PROBLEM DESCRIPTION:
Exactly as they appear below, repeat the lines from the one with "Bu kişilerin çoğu, programlarını" through the one with "<strong>Dynamo Dresden</strong><br>". Drop every picture.

##############################

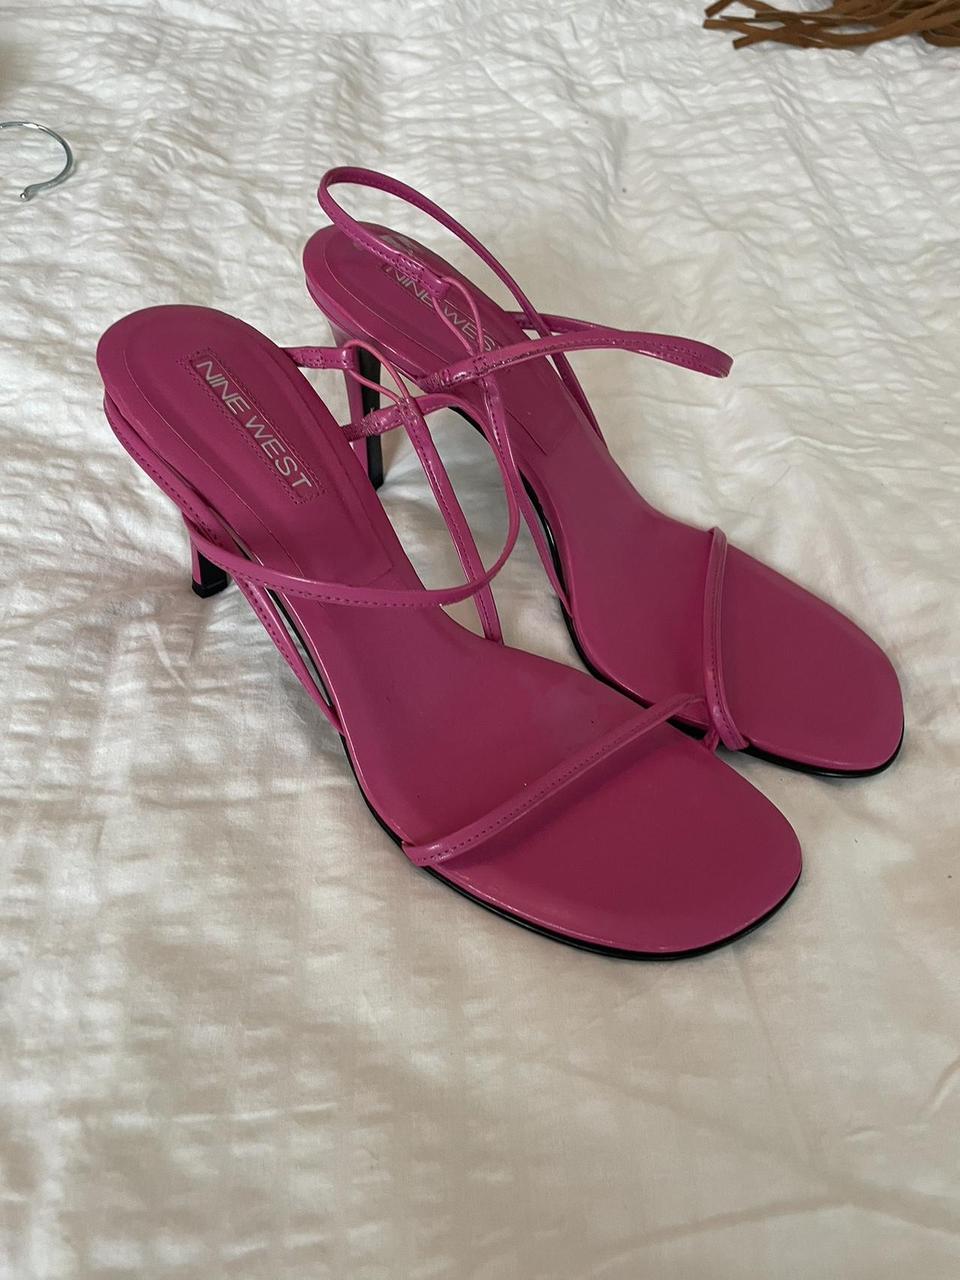 Vintage nine west pink strap oh heels - Depop
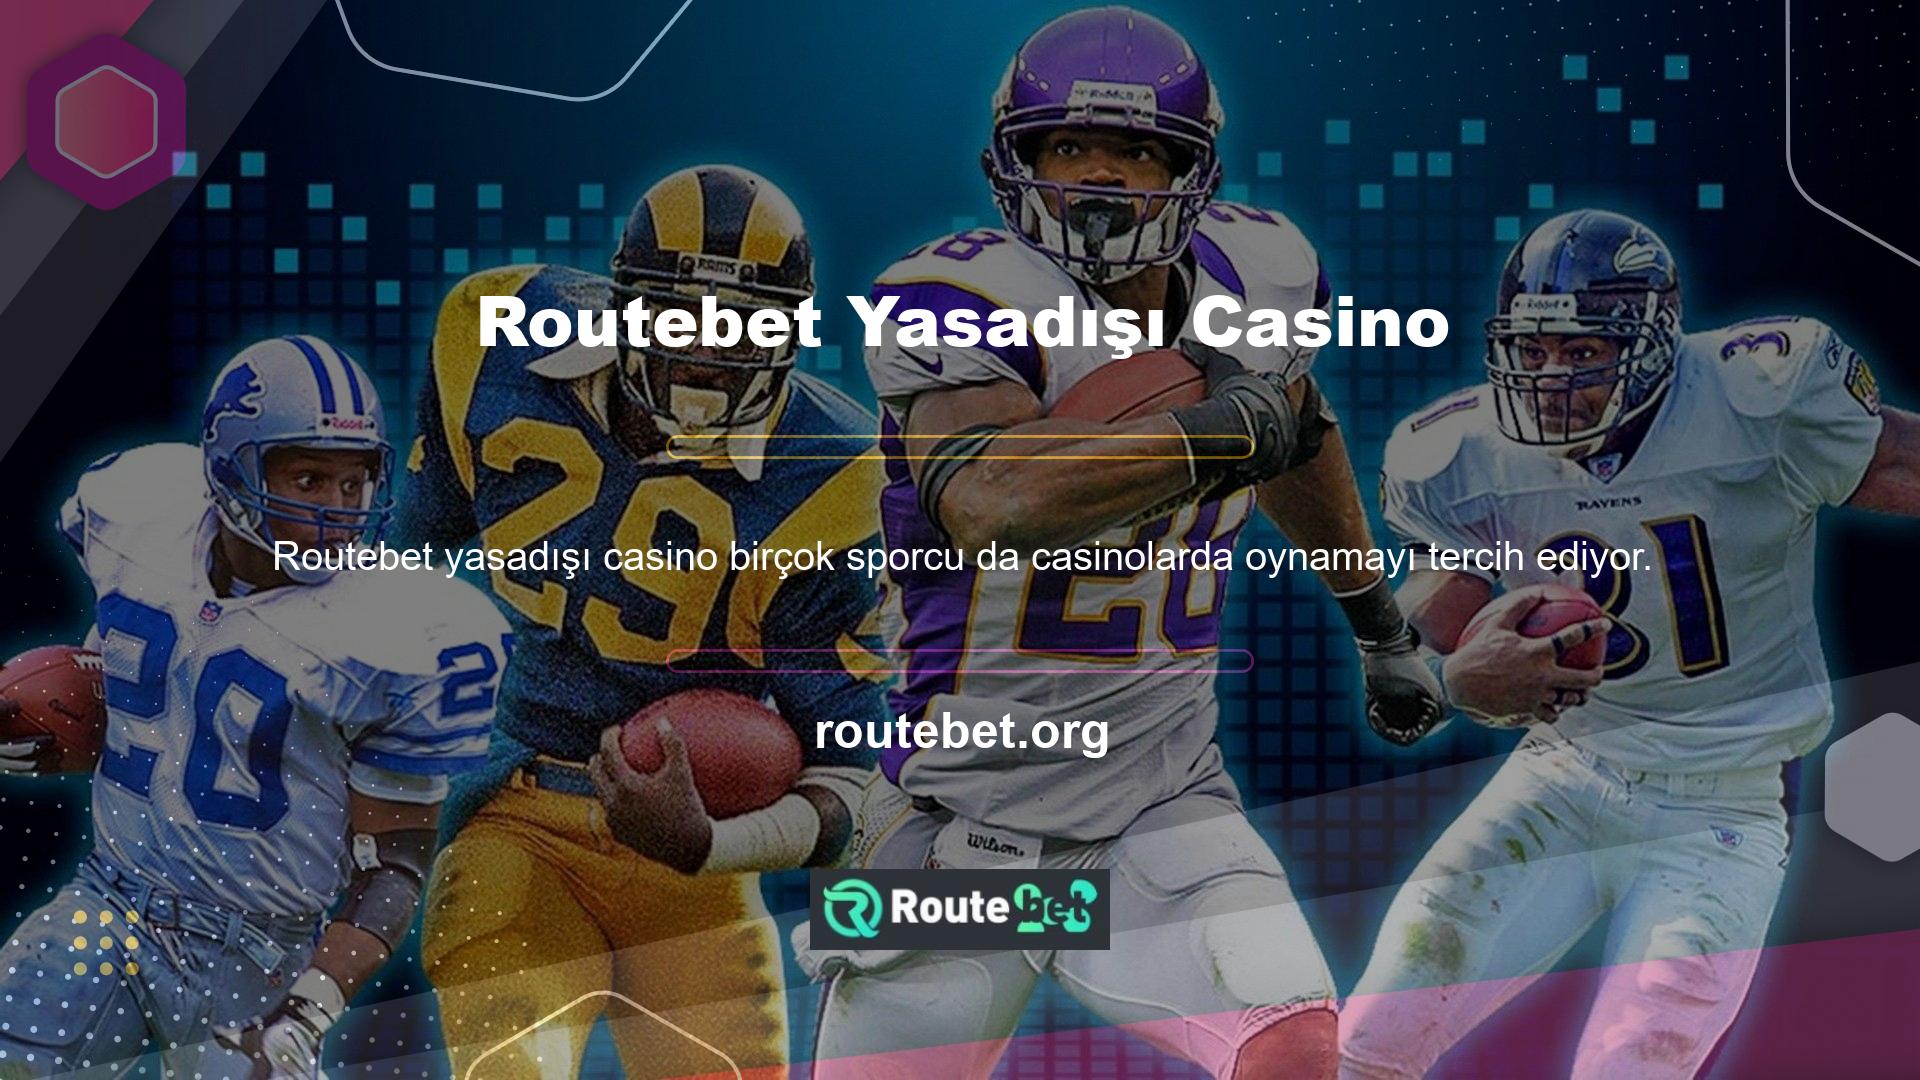 Bu kişilerin çoğu, programlarını çevrimiçi yürütmek için Routebet gibi yasa dışı casino siteleri gibi şirketleri tercih ediyor
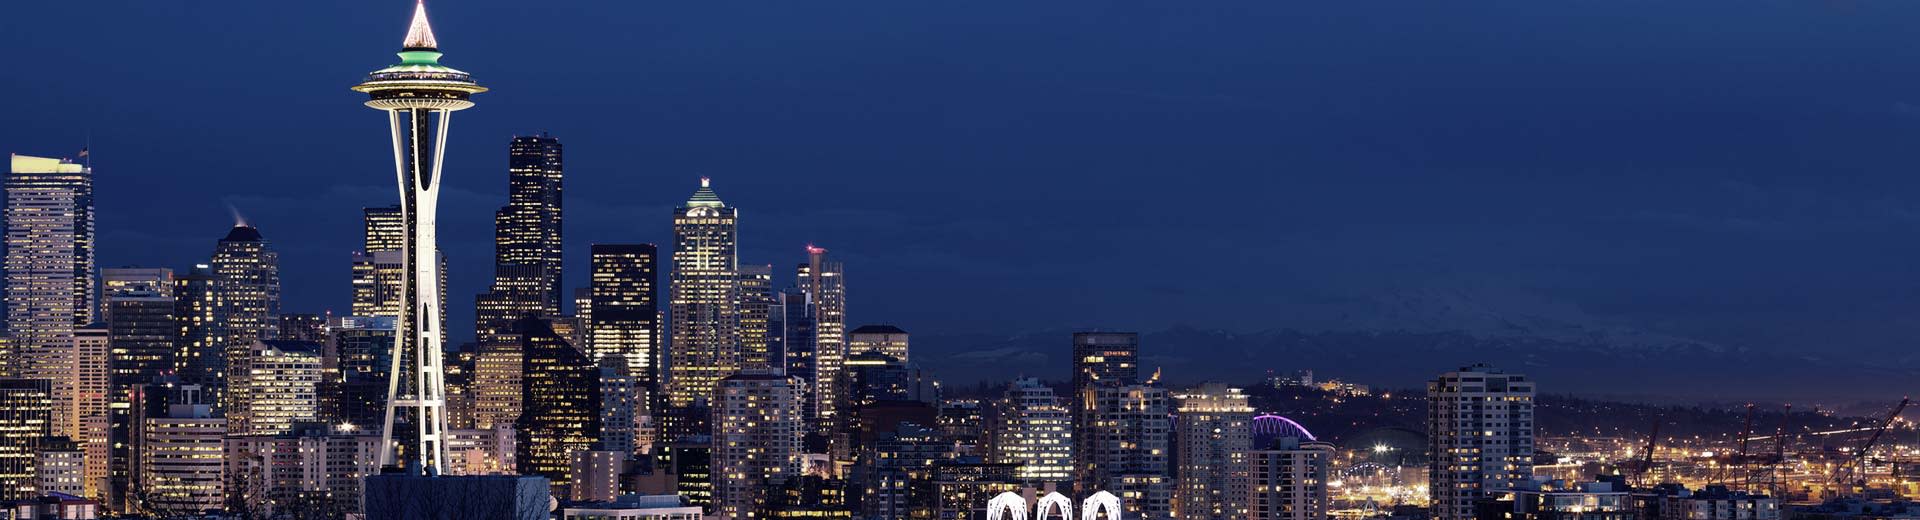 La célèbre aiguille spatiale de Seattle se profile dans la Nightsky, entourée de gratte-ciel élogieux et d'immeubles.
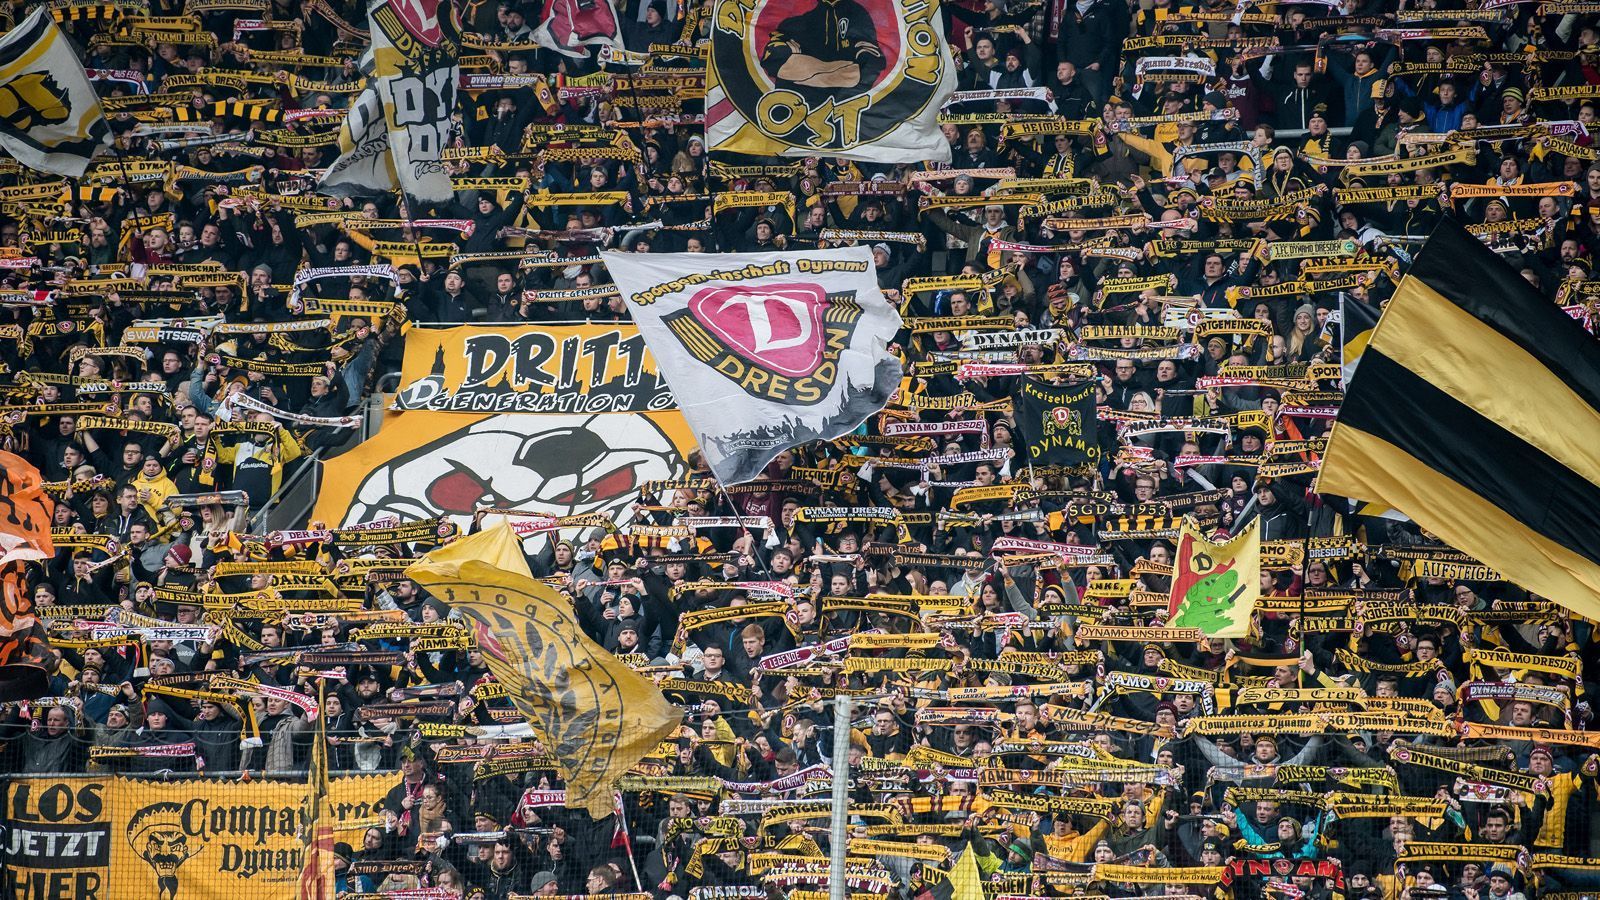 
                <strong>Dynamo Dresden</strong><br>
                Dynamo Dresdens Geschäftsführer Ralf Minge lehnte bislang den Einstieg eines Investors ab. "Wir tun gut daran, keine Abhängigkeiten einzugehen. Und man weiß nie, welcher Flurschaden dann eventuell hinterlassen wird", sagte Minge dem "Kicker". Neben dem Geschäftsführer sind auch große Teile der Fans gegen einen Geldgeber. Zudem ist die Profi-Abteilung des Vereins auch noch nicht ausgegliedert worden.
              
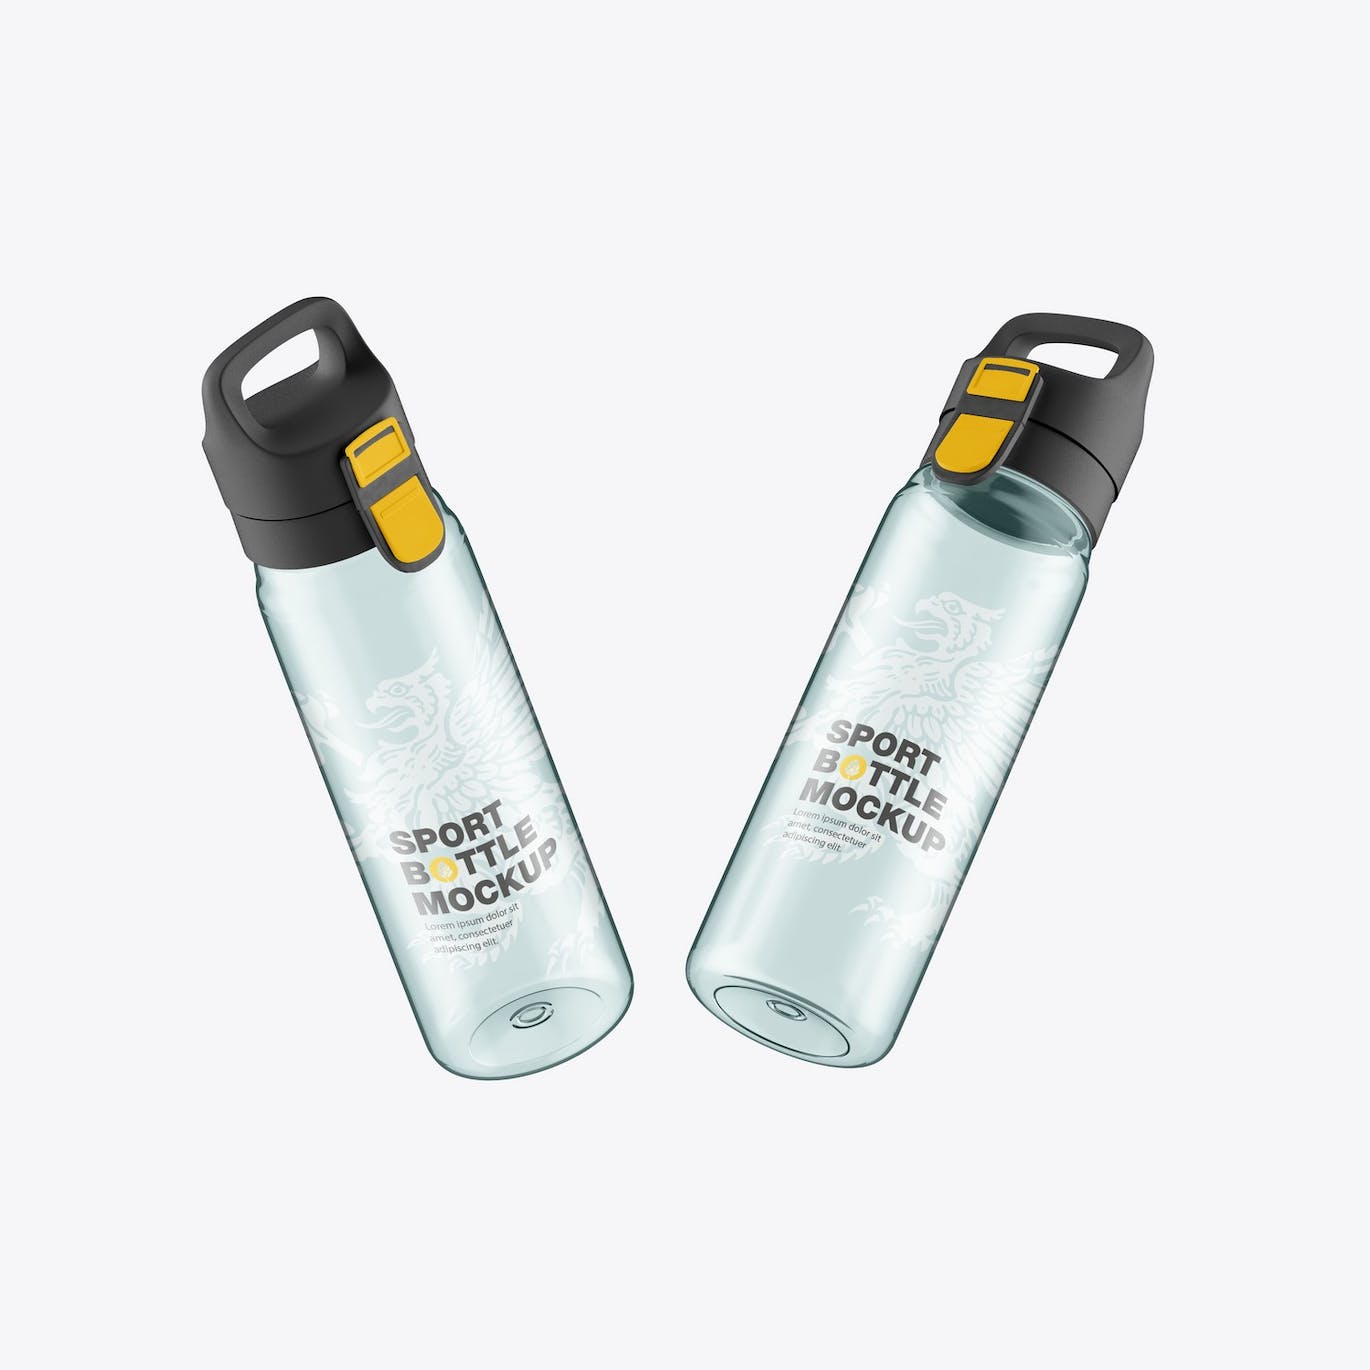 透明塑料运动水瓶设计样机 Sport Bottle Mockup 样机素材 第4张

##############################

ANSWER FOR THIS EXERCISE:
 Bu kişilerin çoğu, programlarını çevrimiçi yürütmek için Routebet gibi yasa dışı casino siteleri gibi şirketleri tercih ediyor
 La célèbre aiguille spatiale de Seattle se profile dans la Nightsky, entourée de gratte-ciel élogieux et d'immeubles.
                <strong>Dynamo Dresden</strong><br>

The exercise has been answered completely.